Petition Closed

If you are a parent, I want you to imagine this scenario: 

You come home from work one day and your children are gone.  There is no sign of them anywhere.  You call their cell phone and immediately hear it ringing in their bedroom.  Panic sets in like a huge icy wave.  You have no idea where they are, if they are safe, or if you will ever see them again. 

Paralyzed by fear, you contact the police and beg them to help you find them.  They tell you they can't help you. YOU ARE ON YOUR OWN.  Think this is unrealistic?  THINK AGAIN.  This is exactly what can happen to you if you have children in a same-sex relationship and you are not the biological parent.   The 'bio' parent can keep your children from you permanently -- LEGALLY.  AND THERE IS NOTHING YOU CAN DO ABOUT IT!


It doesn't matter if the reason your children were taken was because the other parent is angry with you.  It doesn't matter if you have been in your children's life since birth.  It doesn't matter if you are an exceptional parent.  NONE OF THAT MATTERS.  In the eyes of the law, you are not entitled to be in your children's lives if the 'bio' parent doesn't want you to be.  PERIOD.  You can get a lawyer and take the matter to court, but the outcome is determined by where you live and the judge you get.  There are very few laws in place that protect the non-biological parents' relationships with their children.  Our society is changing rapidly, but the laws have not.  I say it's time to change these laws.

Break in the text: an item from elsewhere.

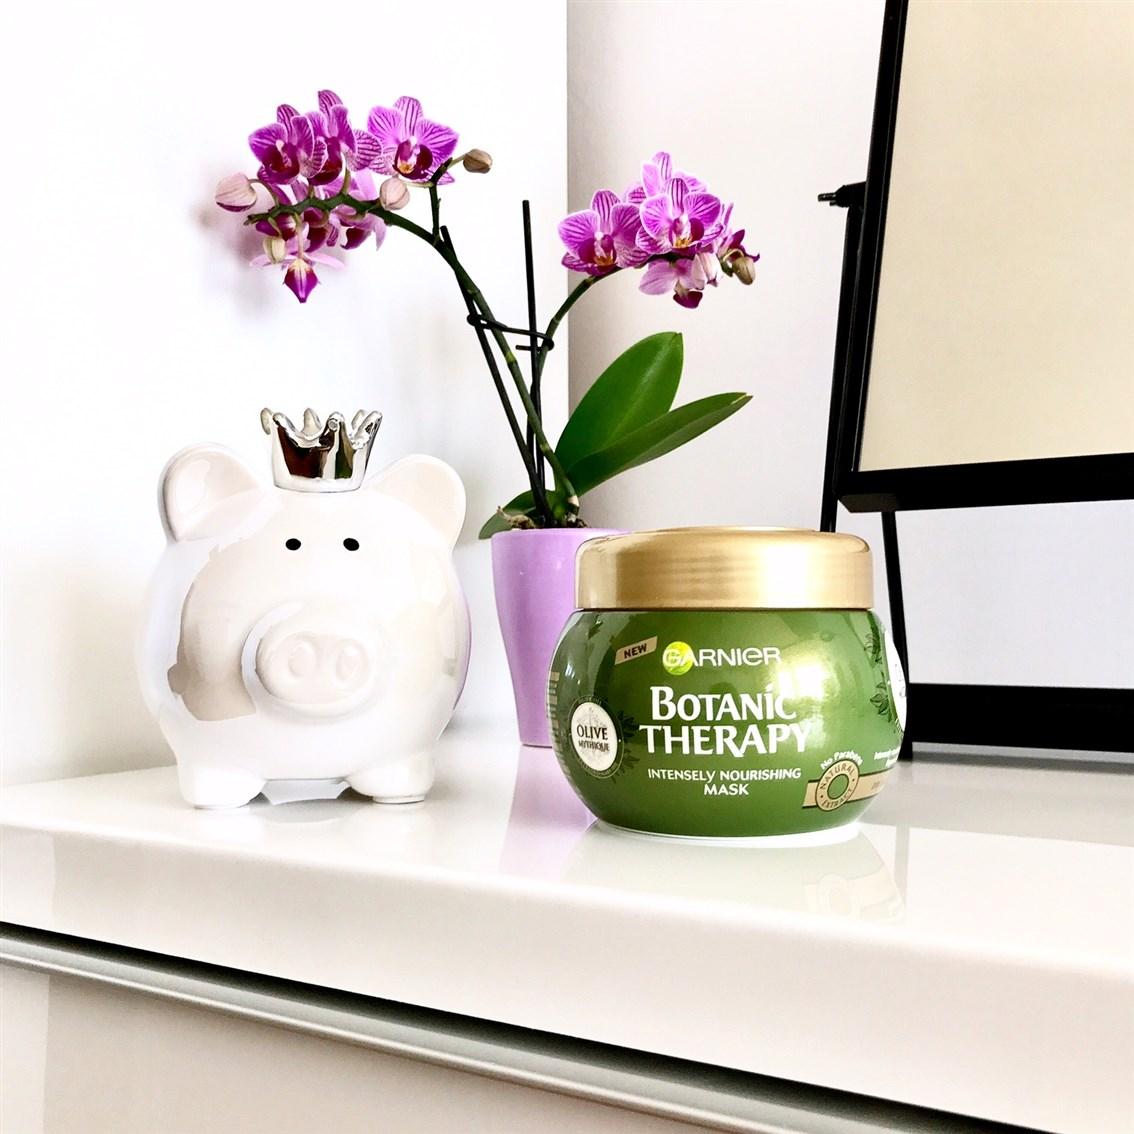 zdjęcie maski Garnier Botanic Therapy Olive

While most gay rights groups are focusing on equality in the area of marriage, our children are being overlooked. We need to have laws in place to maintain the relationships between these children and the non-biological parents in case of seperation/divorce.  Currently, laws that protect the non-biological parent vary from state-to-state, or simply don't exist at all.  There needs to be a universal law that defines the rights of BOTH PARENTS in these types of families to remain in the children's lives.

Let's change the laws to protect our kids so they can no longer be used as pawns to punish the other parent and send a message to these 'bio' parents that our children are not posessions, they are blessings, AND WE DESERVE TO SHARE OUR LIVES WITH OUR KIDS  TOO!!

Letter to
White House Government President Obama
Democratic Senator of Illinois Richard Durbin
Republican Senator of Illinois Mark Kirk (Republican Senator of Illinois)
Hello,
It is time to grant equal legal parental rights to the non-biological same-sex parent in regard to child custody, visitation, support, medical and educational decisions, inheritance rights and Social Security benefits, whenever the non-biological parent has;
A. Created a nurturing parental bond with the child(ren),
B. Acted in a manner that is consistent with the child(ren)’s best interest,
C. Been actively involved in the child(ren)’s life for a substantial amount of time,
D. Regards the child(ren) as being their own or having been known as the ‘other parent’ to the child(ren),
E. Participated in emotional, financial, moral and developmental support of the child(ren),
F. Been an active caretaker to the child(ren),

Regardless of whether legal rights enjoyed by heterosexual couples are granted to same-sex couples, families with 2 Moms or 2 Dads have been around for many years now. We owe it to these children to protect their relationships with BOTH parents, especially when the relationship between the parents end due to separation and/or divorce.
As the current laws stand, the non-biological parent has very limited (or in some cases no) legal rights to be involved in these children’s lives, even if they have previously been more involved in the child(ren)’s life than the biological parent. Allowing this to continue can be devastating to both the non-biological parent and the child(ren). In a country that has common laws to cover possessions and effects of non-married heterosexual adults, it is time we focus on our children and enact laws that minimize the negative effects that having same-sex parents can have on these child(ren) which continues to set them apart from ‘traditional’ families.

About.com estimates there are between 6 to 14 million gay households with children. To continue to ignore the importance of BOTH parents in these families is to do a huge disservice to these children. Please change the laws so that the parental rights for ALL of our children are important.